Felipe Lira Felipe Lira - 9 days ago 7
Python Question

Eliminate text after last string in python script

To create a dictionary from a table file, where some columns have special characters, as "|" but I need to eliminate all the text after the last "|".

For example:

A this_is|my_A|best|result| 20
B this_is|my_B|best|result|mess 40
C this_is|my_C|best|result|me.. 32


I wrote this to create the dictionary:

for line in file:
query = line.strip().split('\t')[0]
data = line.strip().split('\t')[1:2]
subject = line.strip().split('\t')[1]
if query not in best_hit:
best_hit[subject] = data


Resulting in a mess dictionary like this:

d = {'A': 'this_is|my_A|best|result|, 20' ,'B': 'this_is|my_B|best|result|mess 40', 'C':'this_is|my_C|best|result|me.. 32' }


My intention is to eliminate the "mess" and "me.." text before to include it in the dictionary because I need this value to compare with other list without these texts.
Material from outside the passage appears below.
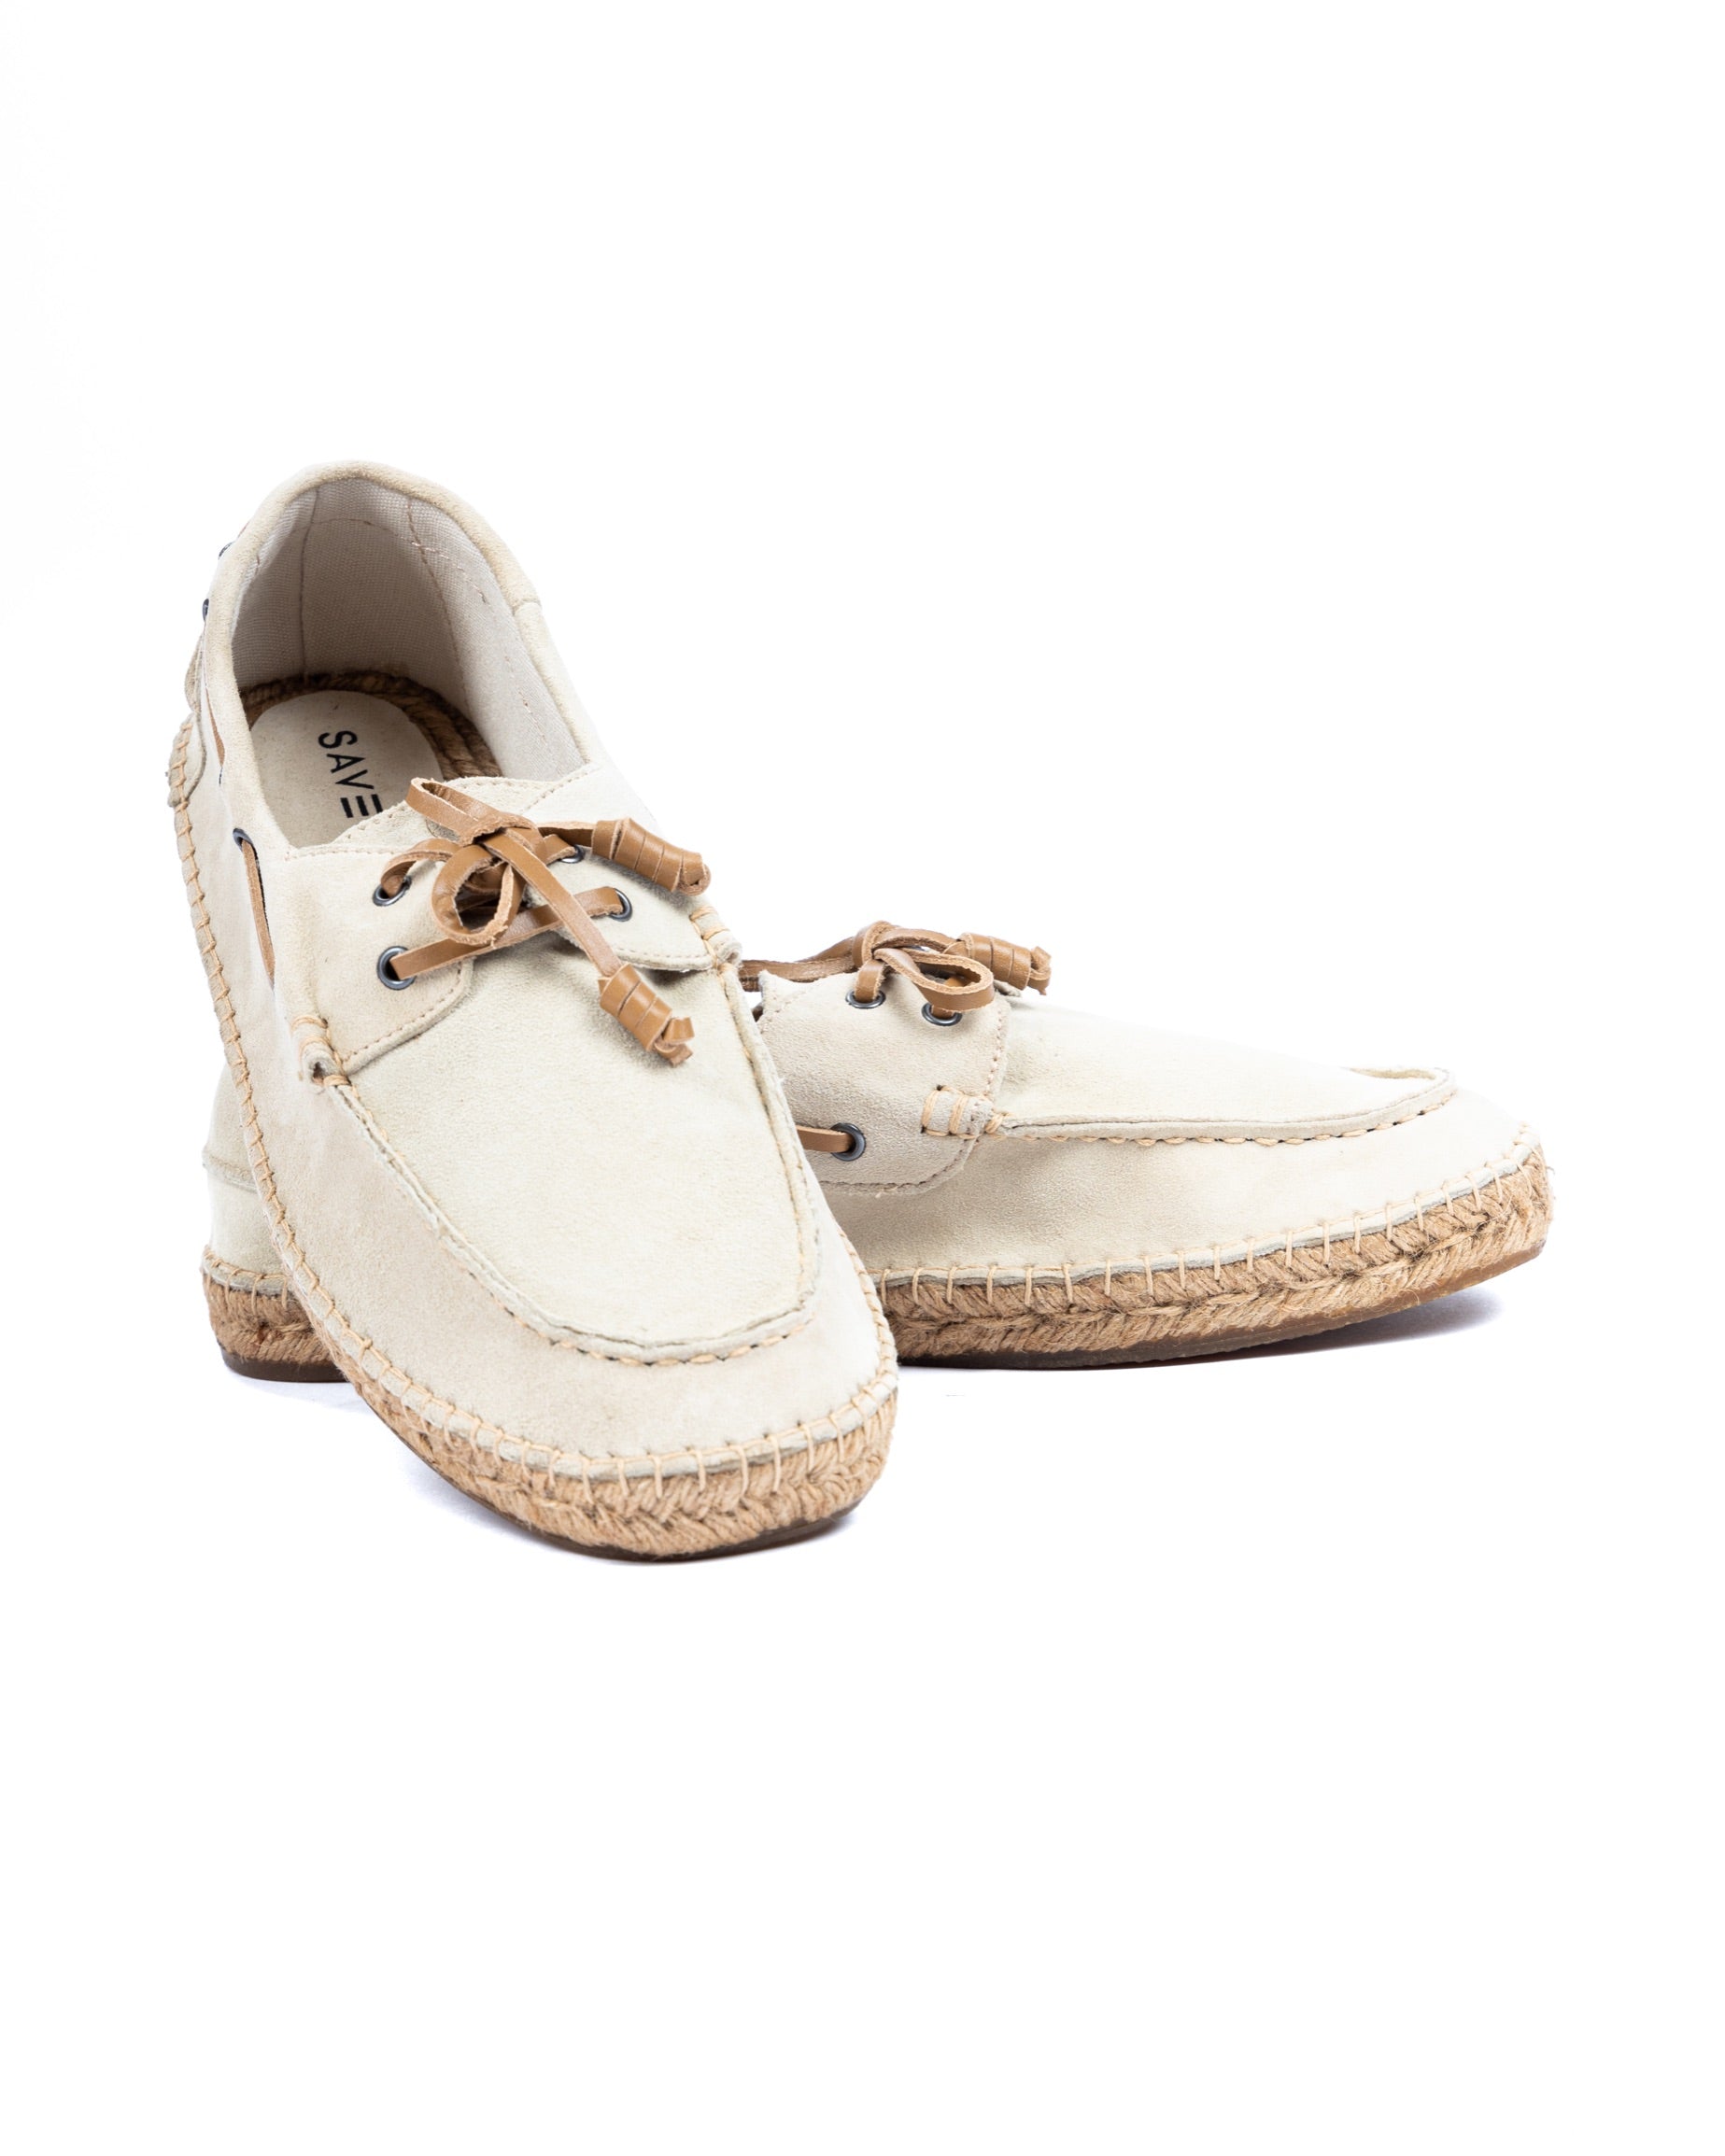 Pompeii - cream suede boat with rope bottom

A this_is|my_A|best|result| 20
B this_is|my_B|best|result| 40
C this_is|my_C|best|result| 32


My own solution:

old_result = line.strip().split('\t')[1]
new_result = old_result.split('|')
subject = new_result[0]+'|'+new_result[1]+'|'+new_result[2]+'|'+new_result[3]+'|

Answer

Split might be not performance-wise but the algorithm is simpler this way.

source = """

A   this_is|my_A|best|result|   20
B   this_is|my_B|best|result|mess   40
C   this_is|my_C|best|result|me..   32

"""

source = source.strip()
source = source.split('\n')

result = {}

for i in xrange(len(source)):
    asplit = source[i].split('\t')
    bsplit = asplit[1].split('|')
    bsplit[-1] = ''
    asplit[1] = '|'.join(bsplit)

    if not asplit[0] in result:
        result[asplit[0]] = asplit[1] + '\t' + asplit[2]

print result